Ronald Asmus's examination of the new partnership after the end of the Cold War involves enlarging the EU and NATO eastward. The second enlargement means broadening the horizon beyond the European continent where the United States and Europe share vital interests. NATO should expand its responsibility from that of defending Western Europe to that of managing security in Europe as a whole, as when Alliance troops were used to implement a Balkan peace plan and prevent instability from spreading in Europe. Asmus argues that if one wants to have a strategy for fighting wars together, one should first develop a common strategy for preventing them. This underscores the need for a coordinated and political and economic strategy.
Gregory Treverton outlines an economic agenda for the new era. He puts forward ideas for a more ambitious Atlantic partnership in trade and other economic policies and examines how growing European interests in world trade might bring advantages to both parties as they exert global economic partnership. New military structures in NATO are advocated by James Thomson, who proposes a new NATO major command to deal with contingencies outside the NATO area, most importantly in the Persian Gulf. He acknowledges that there are serious problems on both sides and recalls that the Bosnian peace deployment debate was a close call. John van Oudenaren shows guarded optimism about the multiplicity of partnerships that span the Atlantic. The United States has every reason to encourage initiatives by the EU, but the fact that the US is still needed in Europe to contribute to European security introduces a major asymmetry in the American-European relationship. It means they can never be truly equal partners outside Europe.
According to David Gompert, the strength of the integrated world economy is to the new era what the containment of the Soviet Union was to the old. The more integrated the core of the world economy, West Europe East Asia and North America, the more indivisible is its security. In varying shades, the threat comes from Iran, Iraq, Libya, Syria and North Korea. On most matters of global significance, the United States seeks the support of its European partners in the United Nations, G7 and NATO. But it will take US initiatives to persuade Europeans that the Atlantic relationship needs a new purpose, a broader scope and reformed institutions.

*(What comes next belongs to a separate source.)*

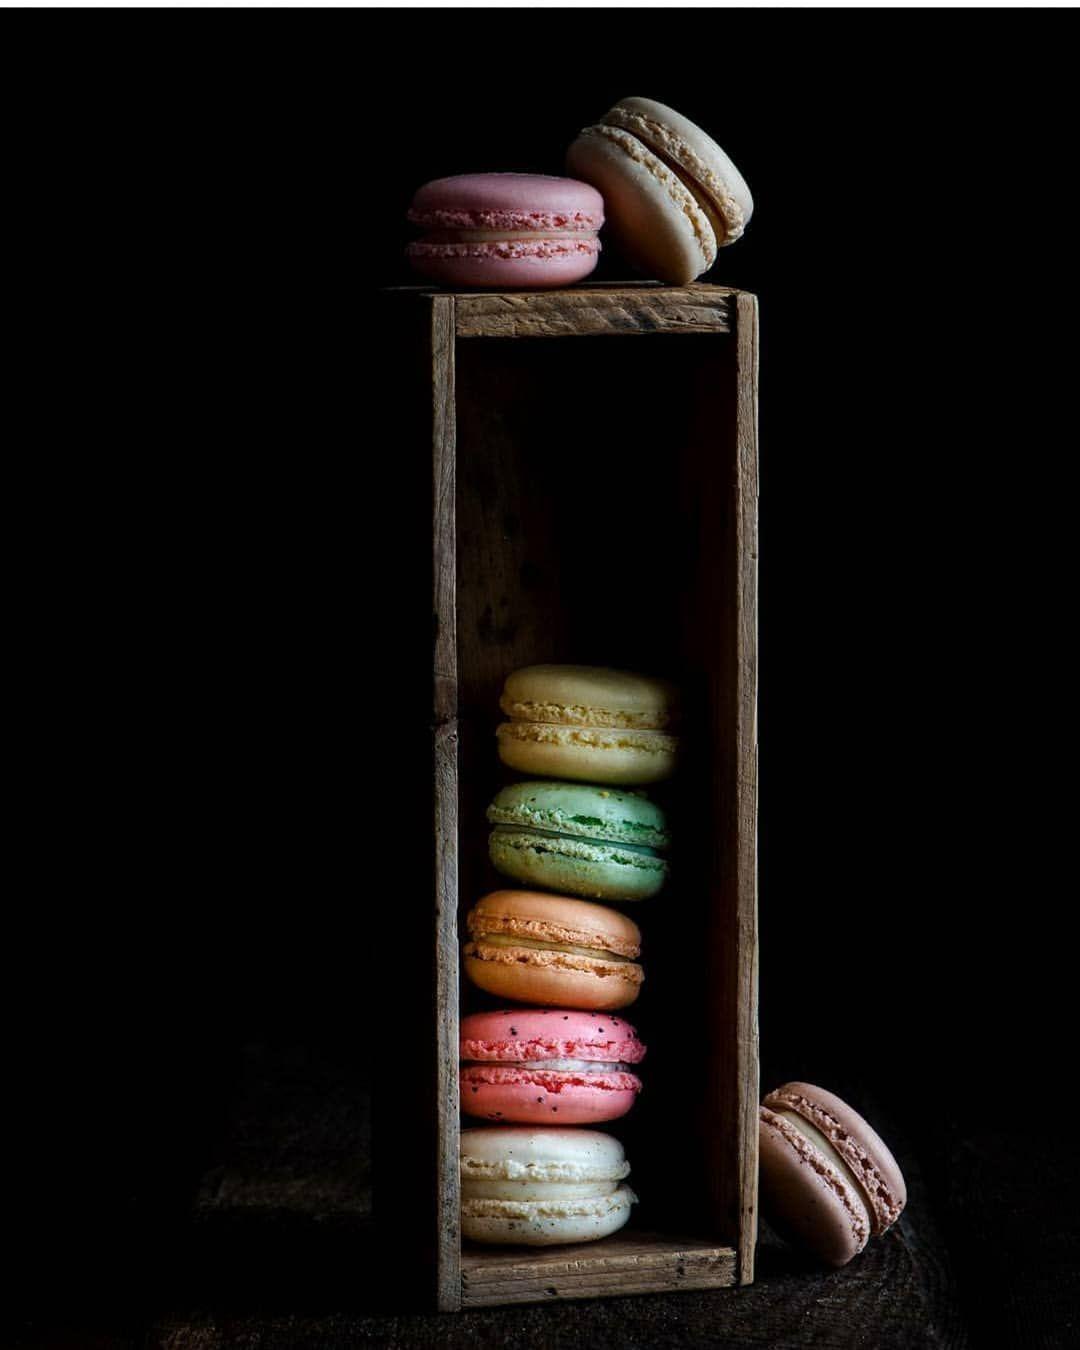 Macarons Credi Dark Food Photography Macarons Food Wallpaper

Stephen Larrabee describes the security challenges on Europe's eastern periphery where the main challenge in Russia is helping to stabilize the reform process and integrate Russia into the broader European structures. Restructuring NATO to focus more on crisis management (Article 4) rather than territorial defence (Article 5) would help to build a more cooperative relationship with Russia. In view of Russia's hard line on NATO expansion, Finland, Sweden and Denmark, not the United States, should take the lead in campaigning for the Baltic states to join the European Union, not NATO. Security cooperation with Ukraine would be part of the Partnership for Peace programme, This would be an indirect means of drawing Ukraine closer to NATO. Polish-Ukrainian defence cooperation could also become a useful way for NATO to enhance its ties to the Ukraine 'through the back door'. Finally, the United States and Europe need to develop a common strategy for dealing with the two issues left out of the Dayton agreement: Macedonia and Kosovo. Challenges in the Greater Middle East is the subject of Zalmay Khalizad's essay. The United States, Europe and Japan need the free flow of oil from the Middle East at reasonable prices. Regional instability in the Middle East poses the first threat to an American-European partnership. The second threat is terrorism and the spread of weapons of mass destruction. Despite their common interests, there is no US-European common strategy, especially with regard to Iran.

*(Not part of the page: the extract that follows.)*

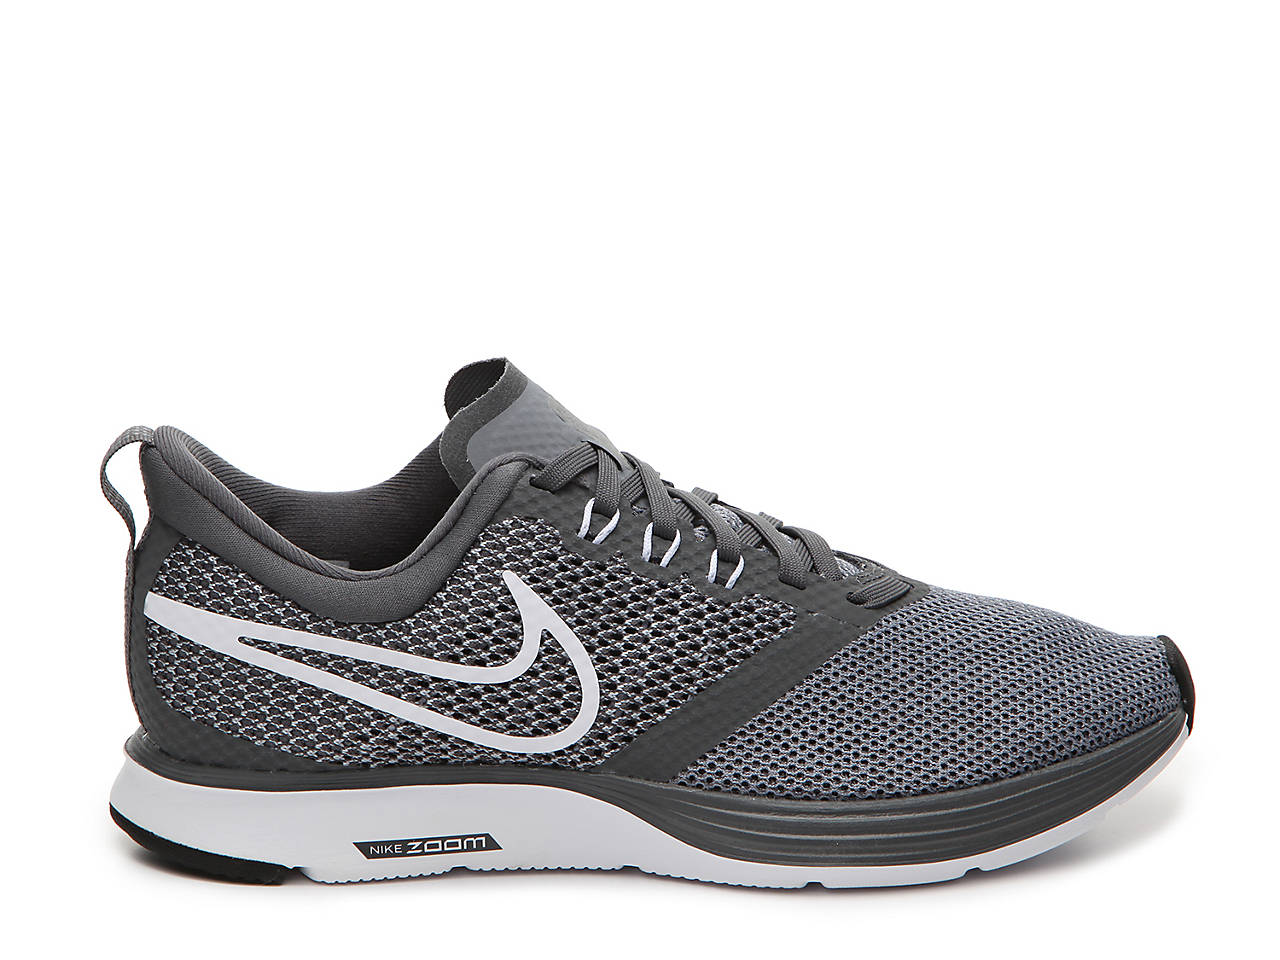 702920c018142 Nike Zoom Strike Lightweight Running Shoe - Women s Women s Shoes

This collection of American viewpoints calls for a European comment which is well provided by John Roper. He agrees that less attention is given in Europe than in the United States to the risks of proliferation of nuclear weapons. There have been differences in perception and approach in dealing with hard-core outlaw states, and Roper concedes that Americans are generally correct in criticizing European strategic myopia. Europeans will need a 'leap of imagination' to accept a full partnership role with the common European voice in world trade negotiations, but progress has been much slower in the politico-military field. The global partnership has to be to the mutual benefit of the United States and Europe. Greater European coherence can only make a working partnership easier to achieve.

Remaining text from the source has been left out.